Written by Ta-Nehisi Coates
Review by Kristen McDermott

Oprah Winfrey selected this lyrical, imaginative novel for her Book Club’s revival, and it is an impressive work in the vein of Toni Morrison’s Beloved and Colson Whitehead’s The Underground Railroad. Hiram Walker is a privileged slave in antebellum Virginia, educated by his master/father and promised a career managing the estate at his half-brother’s side. A carriage accident sends “Hi” into a river, where he wakes on the bank with no memory of how he got there. As his father’s sole surviving son, Hi feels torn between loyalty to his own kind and his admiration for the ingenuity that tamed the American wilderness. That ambivalence survives his escape, capture and torture, and is put to use as he joins the Underground as a soldier in an intricate form of psychological warfare against Virginia’s white elite, called upon by no less than “Moses” (Harriet Tubman) to use his unique gifts in the service of this secret war.

Hi’s gift is called “Conduction” by his Underground mentors—the combined mental, physical, and leadership skills needed to oversee the kind of espionage to spirit runaway slaves to Northern freedom.
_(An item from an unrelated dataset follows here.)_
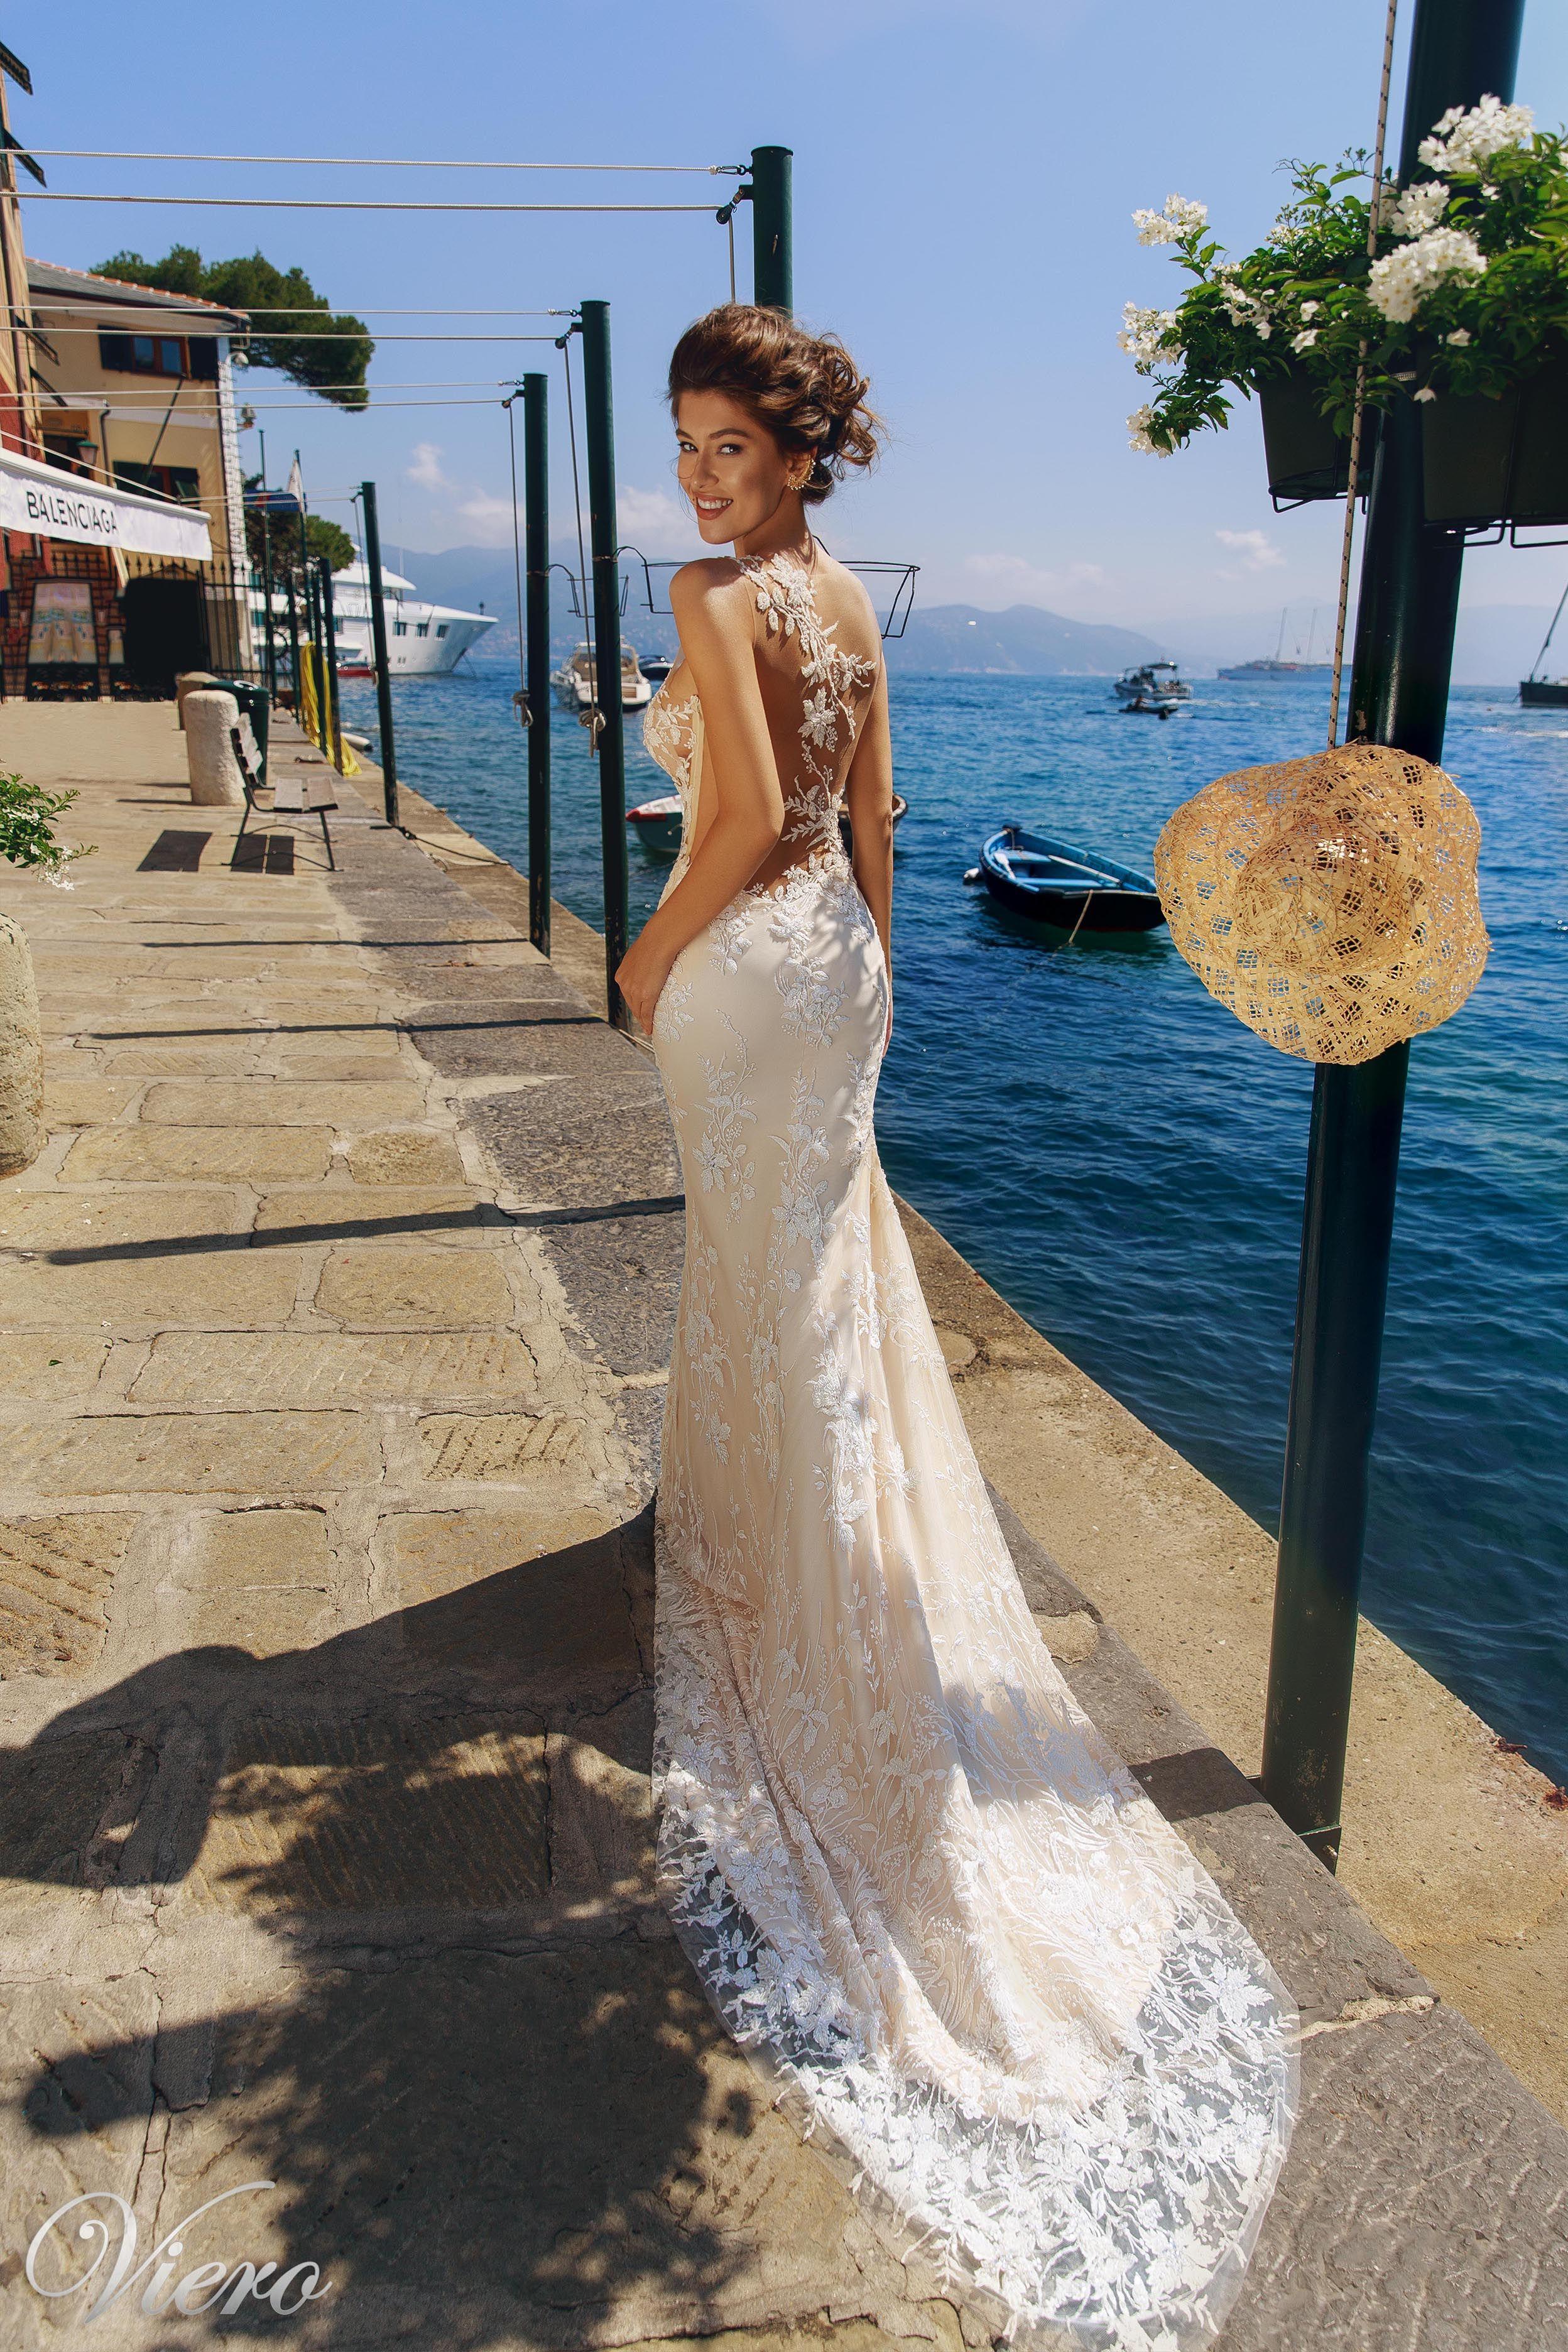 Valentina Viero Bridal Couture Wedding Dresses Wedding Dresses

There are also hints that the power of Conduction is supernatural—an ability, triggered by the desire for freedom and the memory of loss, to move instantaneously from one location to the next. This is where Coates’ narrative departs from a formulaic treatment of the struggles of African-American slaves; in lovely, emotional prose, he creates an unforgettable narrator for a moving story of how the “Tasked” (as they are called in this novel) come to terms in diverse ways with the crimes committed against them. As one of the select few who is called to do more than merely survive, Hi’s voice overflows with love and compassion for both slave and master, and gives the reader an entirely new context for a familiar narrative.